Word for word, transcribe the data below from the line with "Sardis Close, Waunarlwydd, Swansea, SA5 4RZ" to the line with "Oahu2019-3026.jpg", keeping both of those lines.

------ AVAILABLE RECORDS

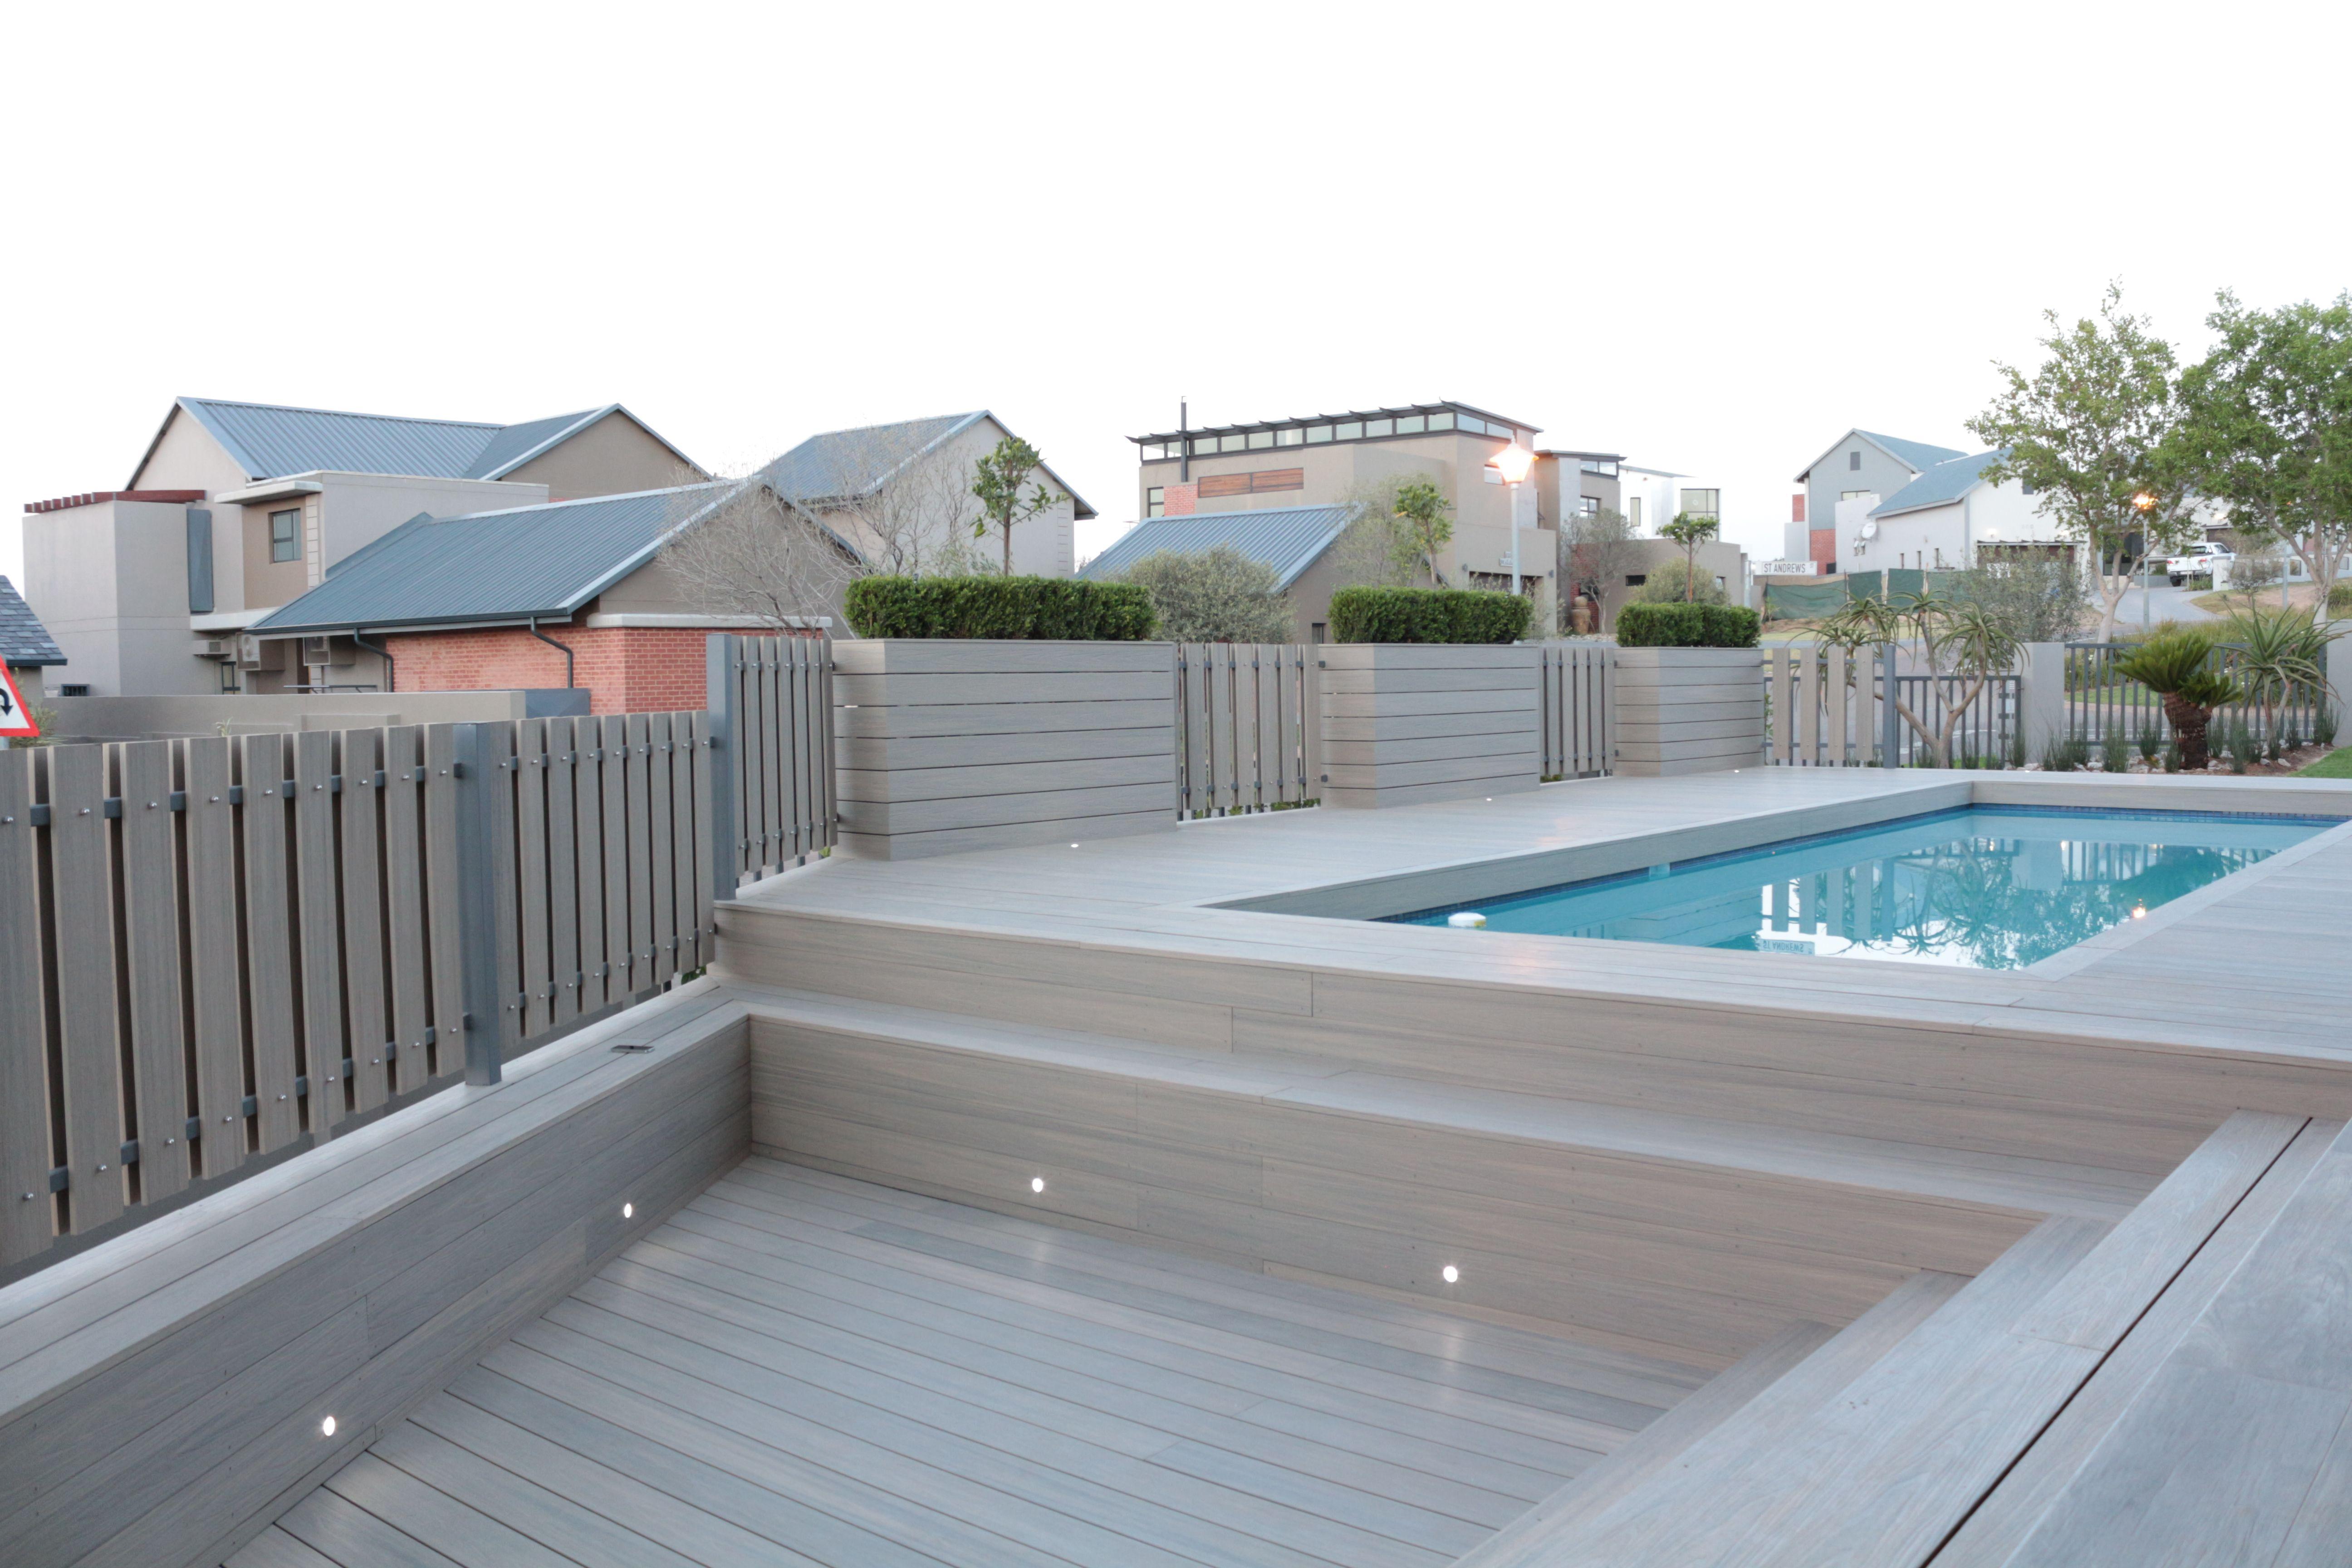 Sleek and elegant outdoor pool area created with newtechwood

------------
------ AVAILABLE RECORDS

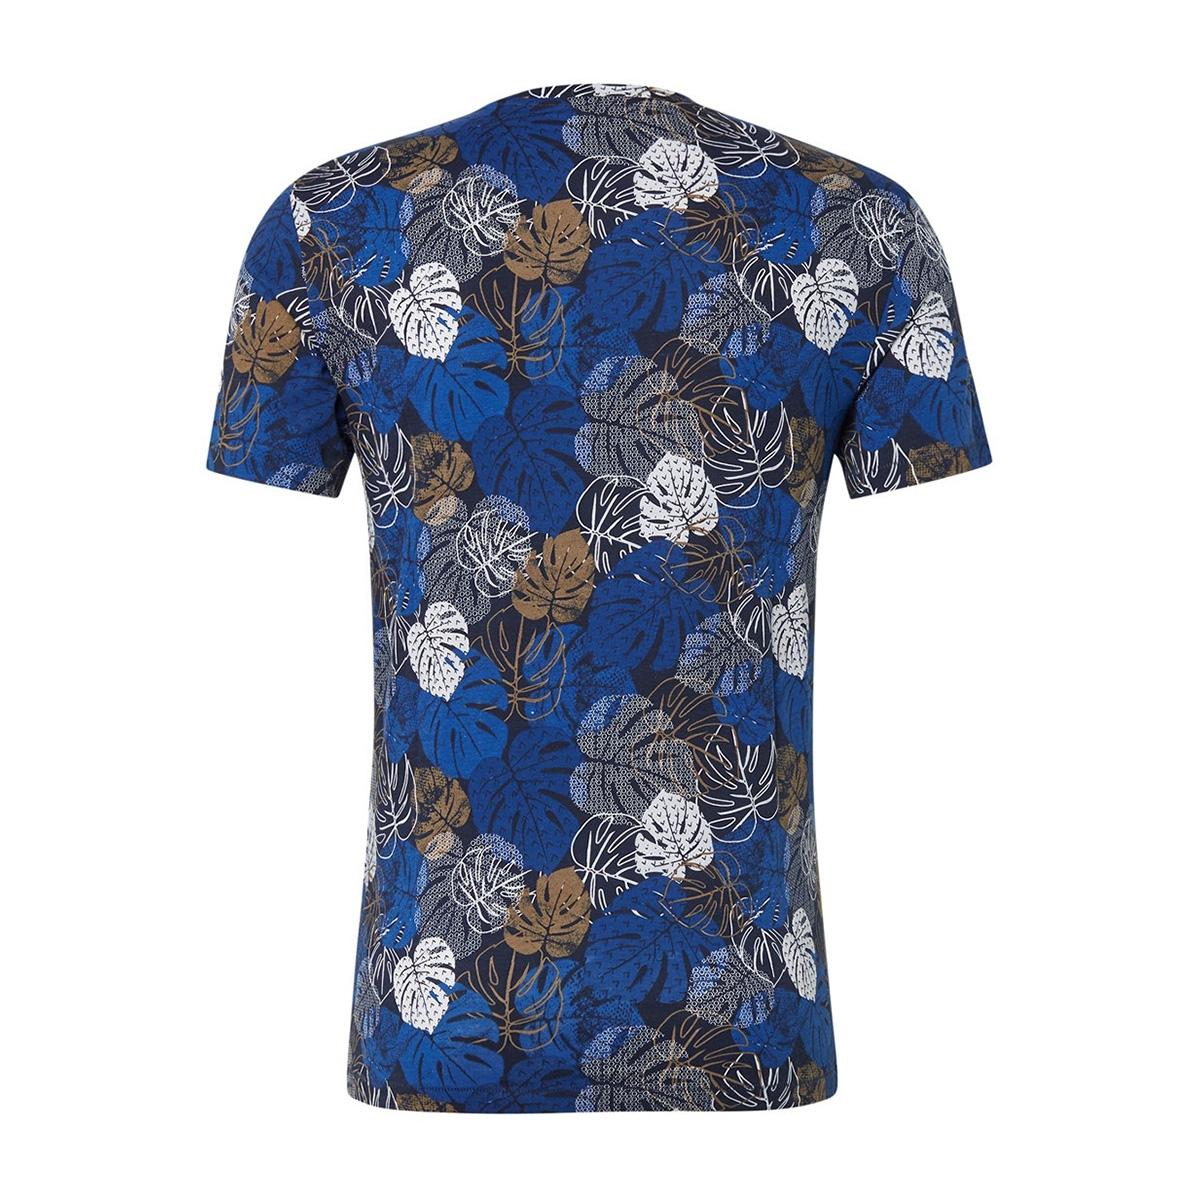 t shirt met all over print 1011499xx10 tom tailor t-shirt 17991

------------
------ AVAILABLE RECORDS

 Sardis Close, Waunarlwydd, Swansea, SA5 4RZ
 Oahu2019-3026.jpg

------------

▸ ANSWER FOR THE TASK
 Sardis Close, Waunarlwydd, Swansea, SA5 4RZ
 Oahu2019-3026.jpg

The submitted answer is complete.